Question

Suppose a solution is prepared by dissolving 15.0 g NaOH in 0.150 L of 0.250 M nitric acid. What is the final concentration of OH− ions in the solution after the reaction has gone to completion. Assume that there is no volume change when adding the grams of NaOH

Answer 1

2.25 M is the final concentration of hydroxide ions ions in the solution after the reaction has gone to completion.

Step-by-step explanation:

Moles of NaOH =
`(15.0 g)/(40 g/mol)=0.375 mol`

Molarity of the nitric acid solution = 0.250 M

Volume of the nitric solution = 0.150 L

Moles of nitric acid = n

`Molarity=(Moles)/(Volume(L))`

`n=0.250 M* 0.150 L=0.0375 mol`

`NaOH+HNO_3\rightarrow NaNO_3+H_2O`

According to reaction, 1 mole of nitric acid recats with 1 mole of NaOH, then 0.0375 moles of nitric acid will react with :

`(1)/(1)* 0.0375 mol` of NaOH

Moles of NaOH left unreacted in the solution =

= 0.375 mol - 0.0375 mol = 0.3375 mol

`NaOH(aq)\rightarrow Na^+(aq)+OH^-(aq)`

1 mole of sodium hydroxide gives 1 mol of sodium ions and 1 mole of hydroxide ions.
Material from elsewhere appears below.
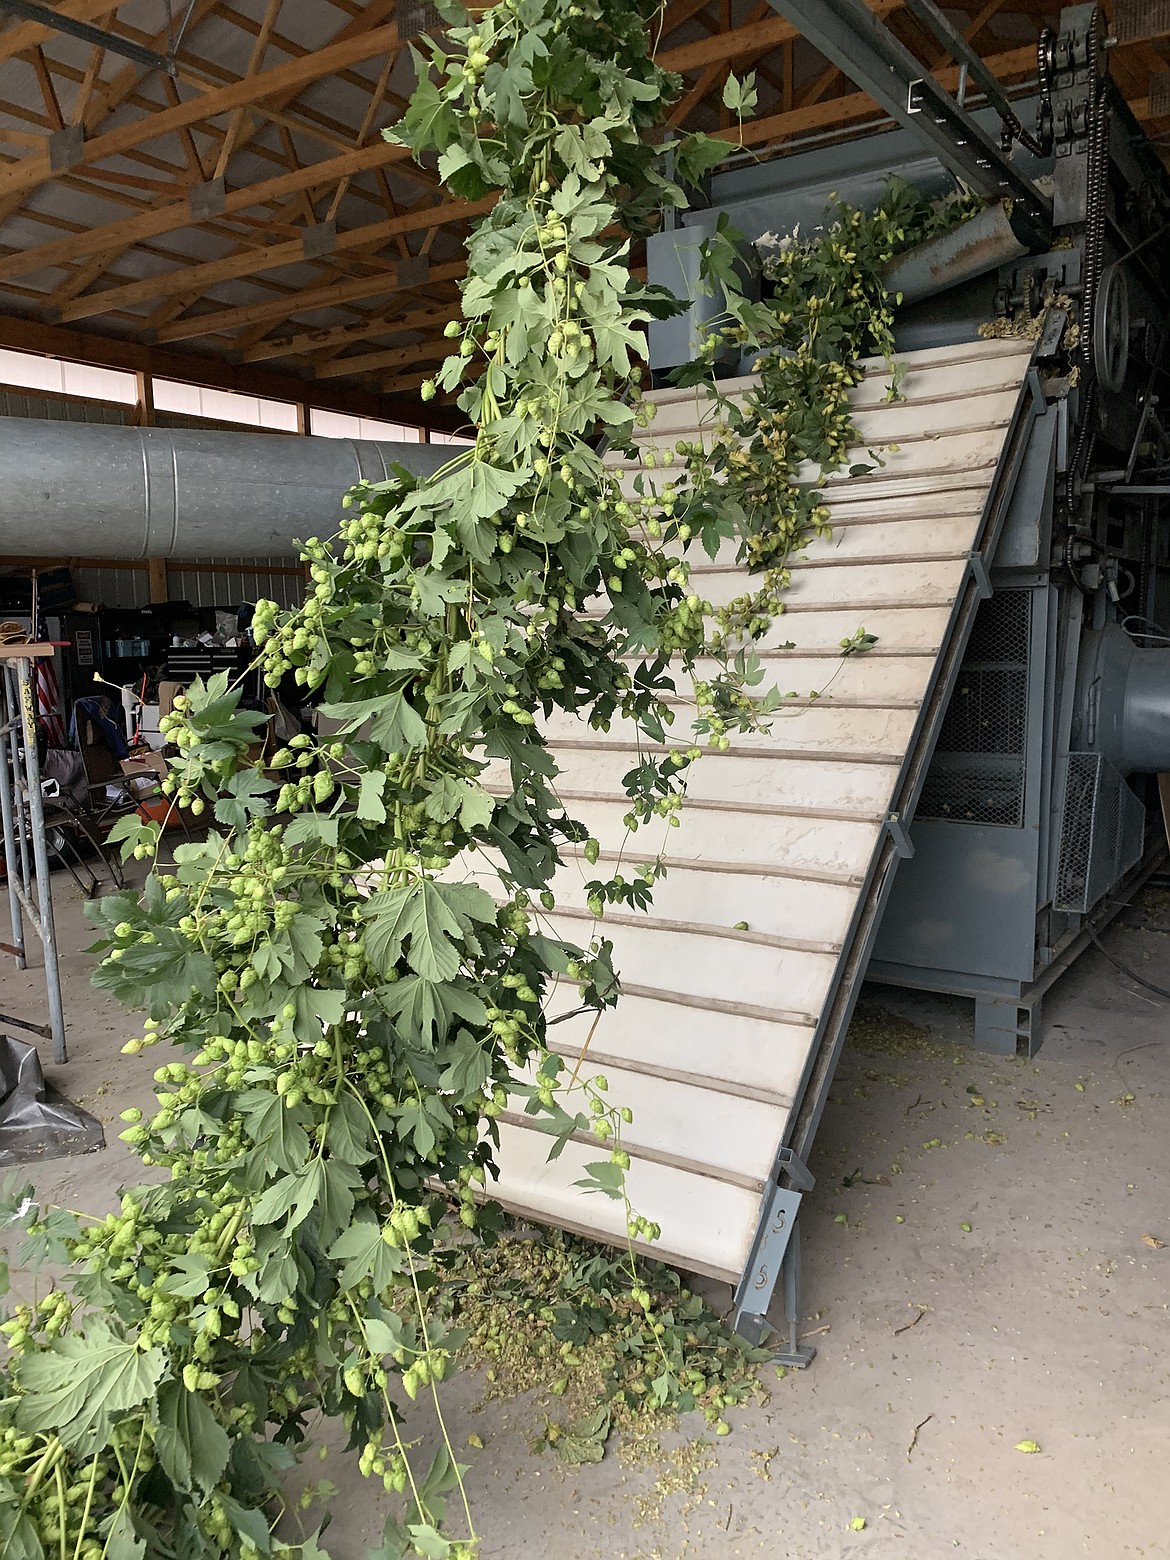 The 18-foot long hops plants are fed through the processor to separate the flowers from the rest of the plant. (photo provided)

Then 0.3375 moles of NaOH will give :

`1* 0.3375 moles=0.3375 mol` of hydroxide ion

The molarity of hydroxide ion in solution ;

`=(0.3375 mol)/(0.150 L)=2.25 M`

2.25 M is the final concentration of hydroxide ions ions in the solution after the reaction has gone to completion.